Lai wrote two characters on my notebook with a pencil: "tin" meaning the verb "listen" in the two scripts (traditional Chinese: 聽 and simplified Chinese: 听). He commented that the simplified Chinese one looked more hollow due to too much space between the strokes and had lost its pictographic meaning. He said that in terms of minimalism, simplified Chinese has its advantages because the characters themselves are of fewer strokes and lines. He even tried to use simplified Chinese in his graphic designs, but still finds traditional Chinese better suited. More strokes and lines allow him to break them down, rearrange the structure, make changes on strokes' styles and even try new combinations of several characters into new ones. Such visual manipulation of the characters is an advantage, from the design perspective, that neither simplified Chinese nor English can complete with.
Besides his focus on the diversity of the characters and how he can play with them, Lai also admires how the script shows the traditional wisdom of Chinese culture. His recent silver HKDA Global Design Award (2011) winning art work, "The Heart Sutra," is inspired by the Chinese Buddhist culture of transcribing sutra.

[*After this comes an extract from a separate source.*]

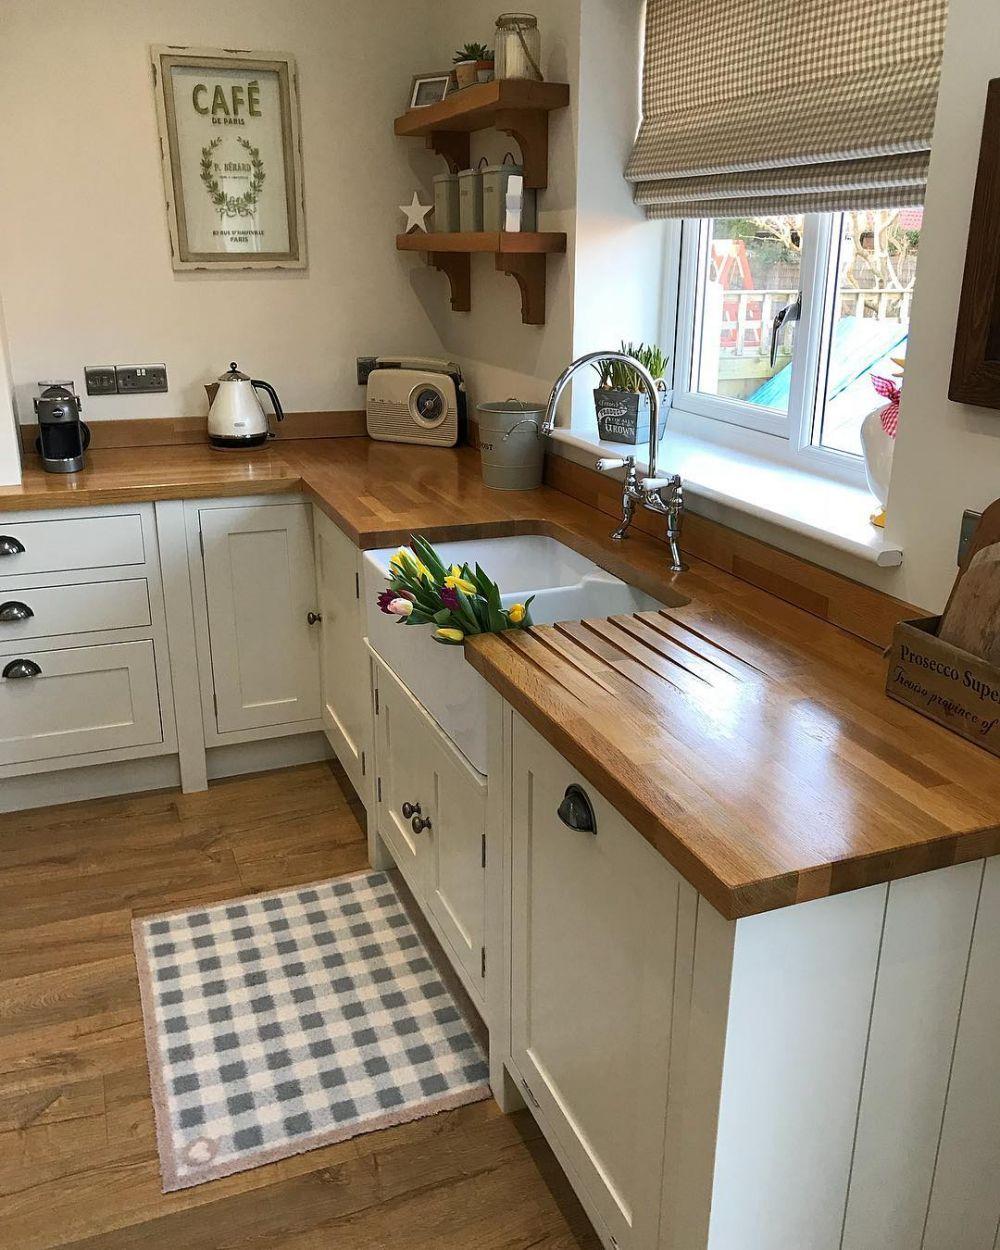 Malas Cuci Piring? Intip 9 Inspirasi Kitchen Sink Ini, Yuk!

Traditionally, a sutra is copied by hand but Lai dared to copy the sutra electronically, using a computer to re-create the characters. He said it was fun and special to transcribe the "Heart Sutra" in a modern way.
Lai finds it impressive that every character's meaning can be explained by analysing each part of its structure. "What is it?" Lai's foreign clients asked him about the characters on the "Heart Sutra" during an exhibition. He was glad to explain the stories behind them: "every single character carries a story and shows how clearly and precisely the character-makers observed things and thought."

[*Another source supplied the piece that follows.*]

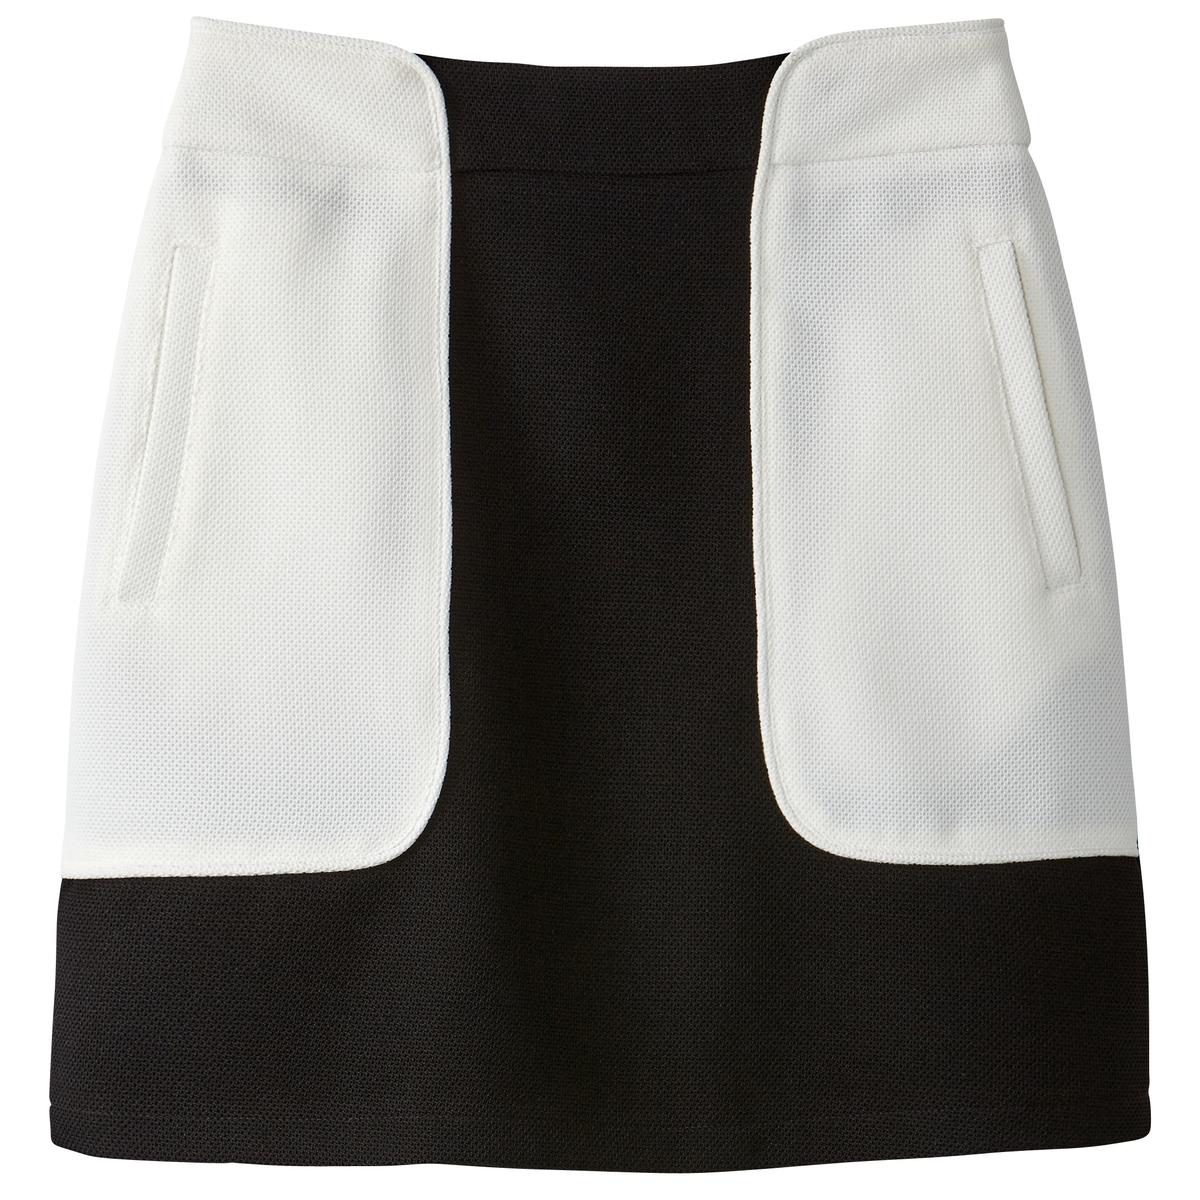 Falda corta bicolor, estilo deportivo

|Another of Edmond Lai's designs.
While traditional Chinese is still commonly observed in art and design pieces, books written in the script have become less common. "Books written in traditional Chinese are of higher collective value," said So Keng-chit, a distinguised Chinese-Canadian writer, journalist and book collector. So explained that simplified Chinese has been promoted by the Chinese government in the last few decades and any books pre-dating Communist party rule, which are typically written in traditional Chinese, are now of great value. For example, in a previous book auction organised by So, one of the most precious collectors' items was Empress Dowager Cixi's bible written in traditional Chinese; it was worth more than HK$300,000 (C$39,320).
So also added that the difference between books written in traditional Chinese versus simplified Chinese is not just the form of the characters but also the content. "Books in simplified Chinese are published in China and some of the content may be deleted," noting Chinese social activist, Zhang Yi-he's "The Last Nobles" - the traditional Chinese version published in Hong Kong contains Zhang's complete copy, while its simplified Chinese version has a certain degree of editing due to political censorship by the Chinese government.
There are now more 1.5 billion people using simplified Chinese in the world and the number is growing. But Lai, Lui and So are not pessimistic about the future of traditional Chinese. Knowing the historical, cultural and artistic values of the script, its place and value within Chinese society is undeniable, and that alone will keep the tradition alive. So believes that the use of traditional scripts is still invaluable, particularly as it is at the root of Chinese culture. He named a few Chinese officials in mainland China who are also calligraphers and are still using traditional Chinese, showing that political reasons may hinder but cannot stop the conservation of traditional Chinese in arts.